IFC to Help Kyrgyz Not-for-Profit Group Reach More Microentrepreneurs
Washington, D.C., January 26, 2006—The International Finance Corporation, the private sector arm of the World Bank Group, today signed an agreement to provide a $2.2 million financing package to Micro Credit Agency Bai Tushum Financial Foundation, one of Kyrgyzstan’s leading micro lending institutions.
Through the package, IFC will support the transformation of Bai Tushum from its present not-for-profit status to a more sustainable, commercially-oriented, deposit-taking financial institution that can serve as a model for similar microfinance organizations in the Kyrgyz Republic.
IFC’s Director for Global Financial Markets, Jyrki Koskelo, said, "The IFC financing will enable Bai-Tushum to expand its lending activities to farmers, private entrepreneurs, and micro and small enterprises and extend its reach to other remote regions of the Kyrgyz Republic.”
The IFC financing comprises a $1.2 million credit line to Bai Tushum for increasing its portfolio of micro loans, thereby scaling up operations in preparation for the transformation. Additionally, IFC will receive an option to acquire an equity stake for $1 million, or up to 20 percent shareholding, in the new commercially-oriented Bai Tushum microfinance institution.
The Bai-Tushum project reflects IFC’s strategy of strengthening local financial institutions and expanding microfinance in the Kyrgyz Republic and Central Asia in order to support private sector development. Providing access to capital is critical to IFC’s small business development strategy, as it will help boost private sector wealth and job creation, lift confidence in the financial sector, and strengthen microfinance by introducing commercially-oriented techniques.
Shahbaz Mavaddat, IFC’s Acting Director for Southern Europe and Central Asia, said, “The creation of a new regulated microfinance company will make a significant contribution to economic development in the Kyrgyz Republic. As a regulated microfinance company, Bai Tushum will be able to provide a fuller range of credit and savings products that were previously not available to micro-entrepreneurs.”
IFC’s development agenda in the Kyrgyz Republic complements the emphasis that the Kyrgyz authorities have placed on the development of the microfinance sector.
Gorton de Mond, IFC’s Regional Representative covering Central Asia, said, “The Bai Tushum transformation project is the first of its kind in the Kyrgyz Republic and provides an opportunity for the authorities to refine and apply the rules and regulations that have been laid out to address the transformation of suitably qualified micro credit organizations operating in the country.”
Gulnara Shamshieva, Bai Tushum’s CEO, said, “This is our first medium-term loan from an international financial institution and it will enable us to fulfill our expansion plans. IFC’s investment strengthens Bai Tushum’s commercialization process and elevates its profile as a professional organization that has gained recognition from the international financial community.”

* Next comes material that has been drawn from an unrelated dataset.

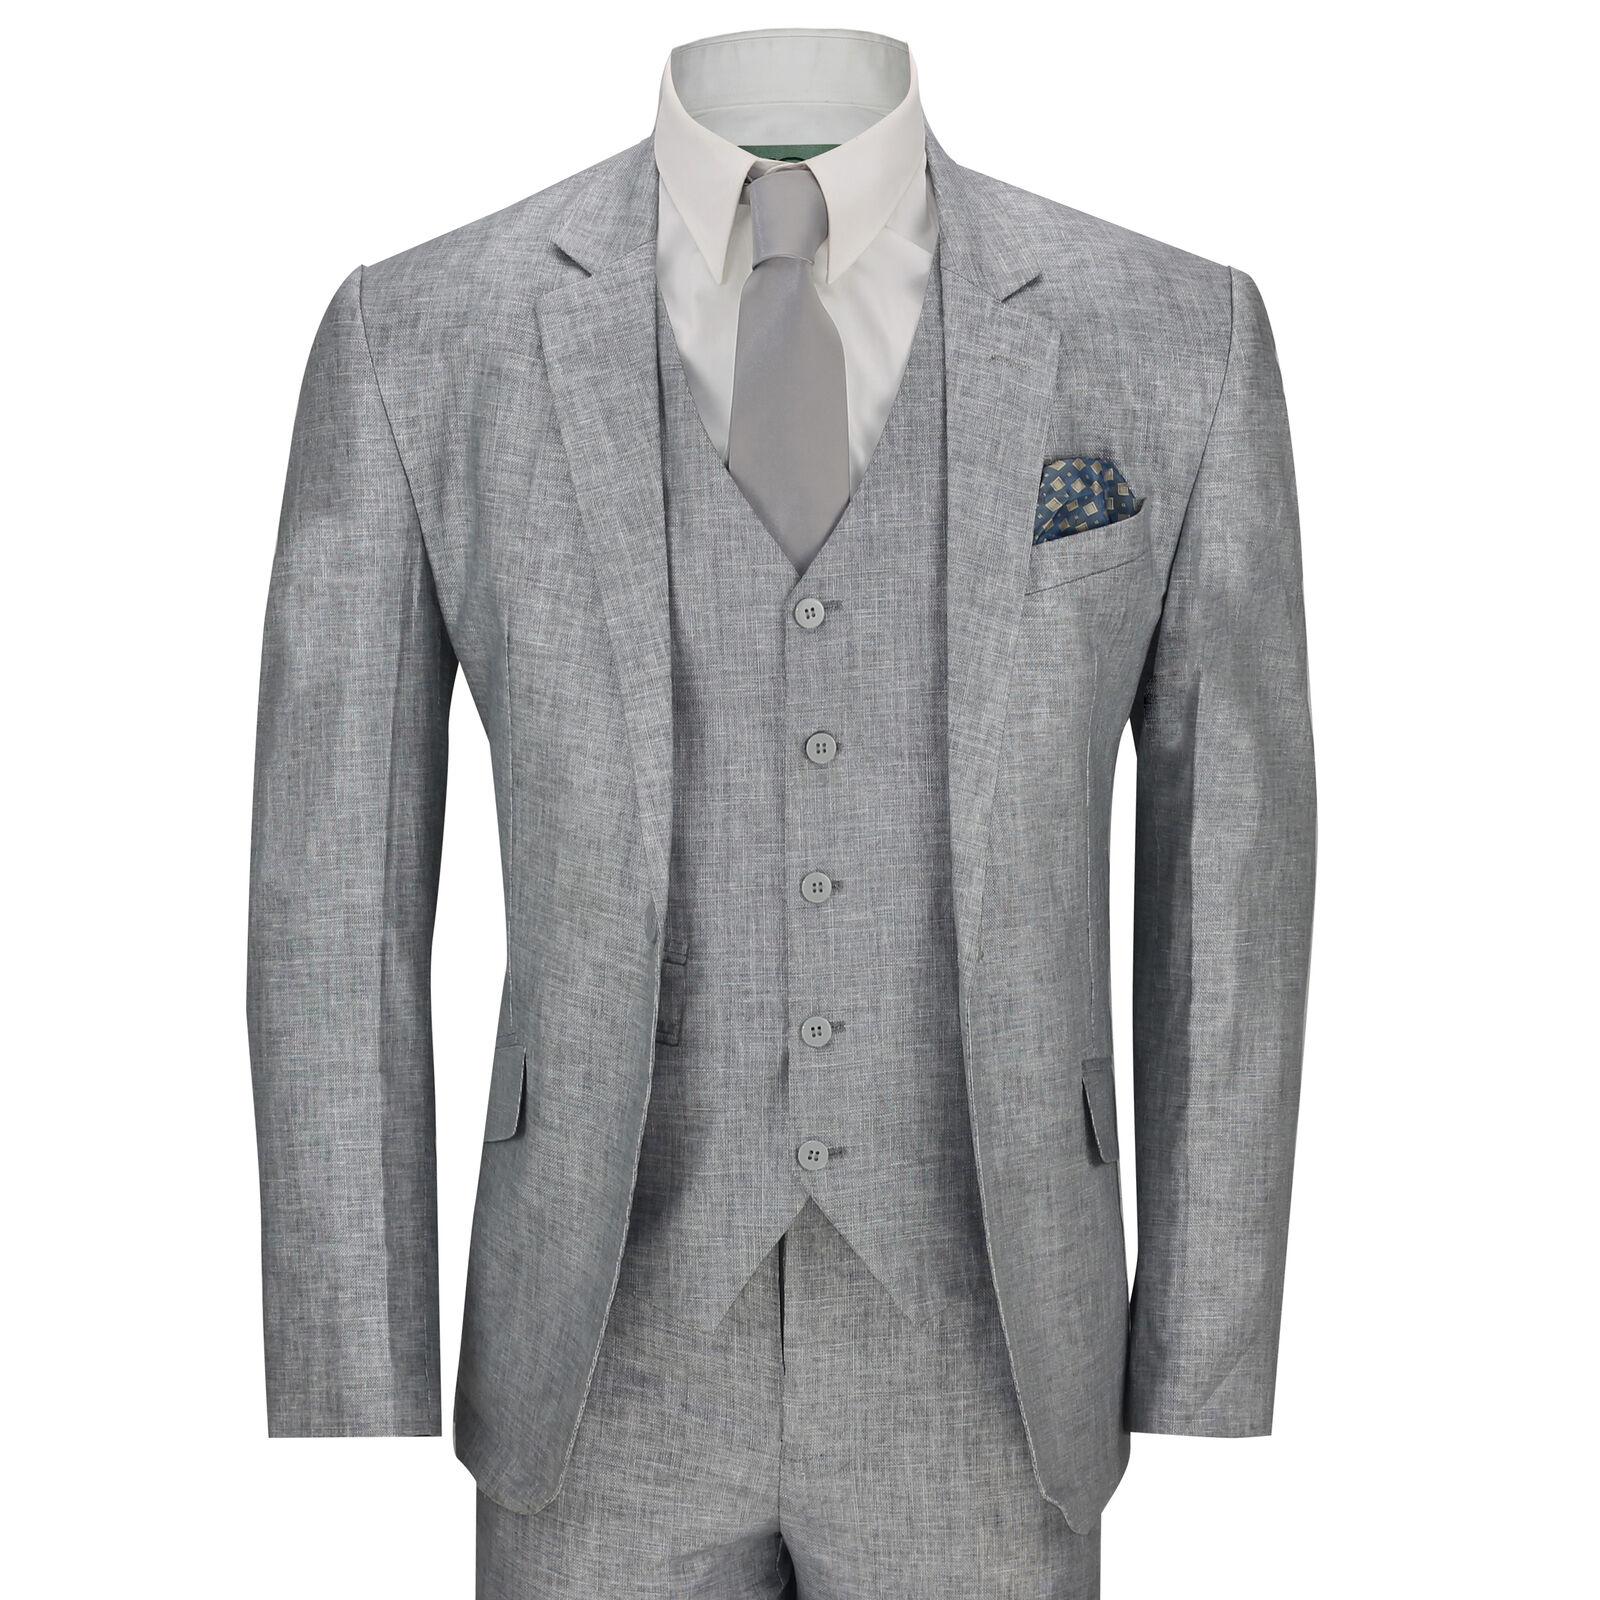 New  Herren Grau 3 Piece Cotton Linen Blend TailoROT Fit Vintage Suit Smart Casual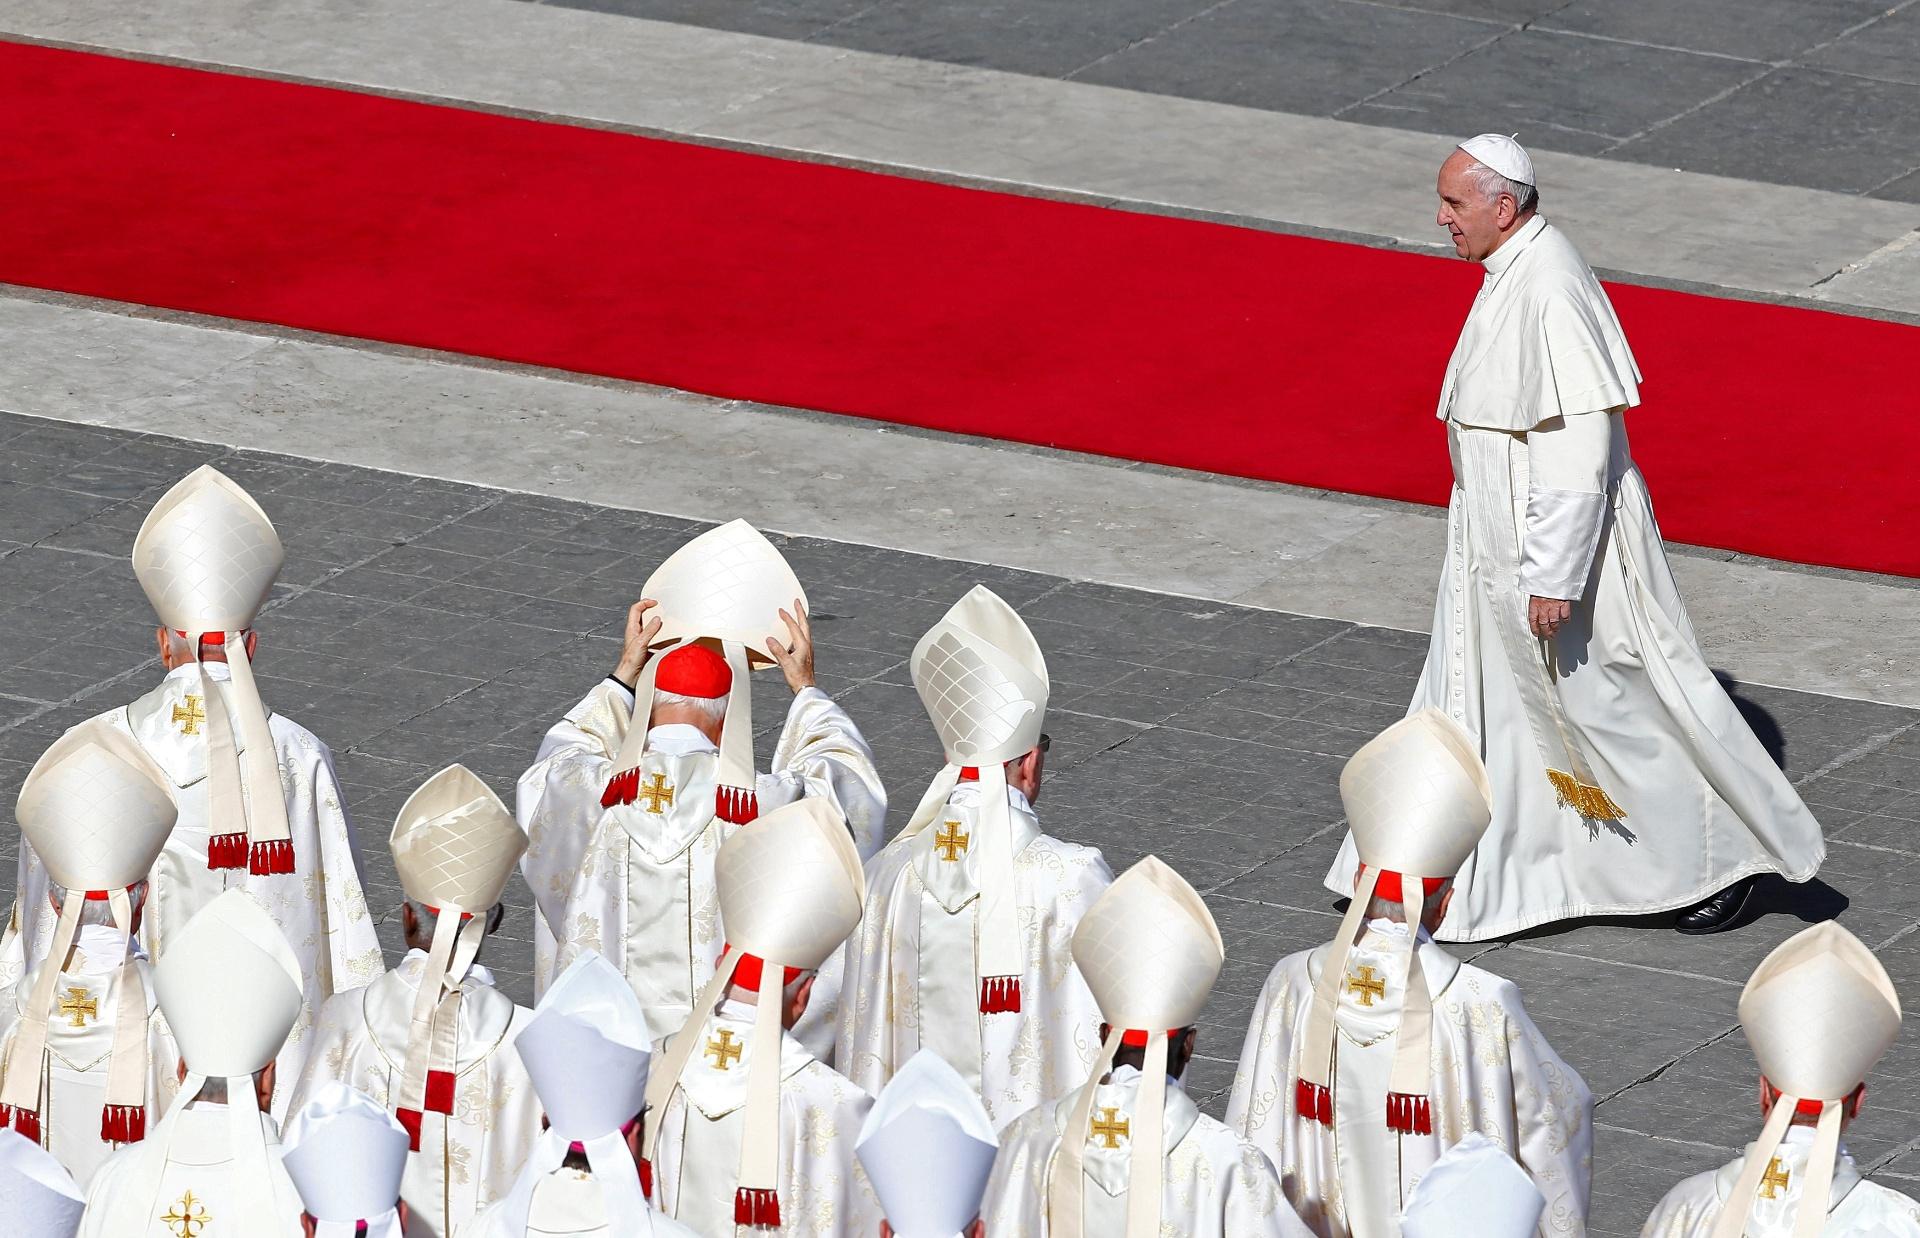 16.out.2016 ? O papa Francisco caminha pela praça de São Pedro, no Vaticano, após canonizar sete novos santos

Bai-Tushum was established in 2000 with the support of U.S.-based ACDI/VOCA (Agricultural Cooperative Development International/Volunteers in Overseas Cooperative Assistance) and CARITAS, a Swiss relief agency. It provides microcredit services to private entrepreneurs, traders, farmers, and micro and small agricultural enterprises using individual and group loan lending methodologies. Employing 83 people, Bai-Tushum has 10 regional offices covering six oblasts of the Kyrgyz Republic, including Osh, Jalalabad, Chui, and Issyk-kul, with plans to expand into the Naryn and Batken regions. As of January 1, 2006, Bai-Tushum had a credit portfolio of about $7 million issued to more than 3,700 clients. Loans range from $500 to $30,000 and are denominated in the local currency.
The mission of IFC (www.ifc.org) is to promote sustainable private sector investment in developing and transition countries, helping to reduce poverty and improve people’s lives. IFC finances private sector investments in the developing world, mobilizes capital in the international financial markets, helps clients improve social and environmental sustainability, and provides technical assistance and advice to governments and businesses. From its founding in 1956 through FY05, IFC has committed more than $49 billion of its own funds and arranged $24 billion in syndications for 3,319 companies in 140 developing countries. IFC’s worldwide committed portfolio as of FY05 was $19.3 billion for its own account and $5.3 billion held for participants in loan syndications.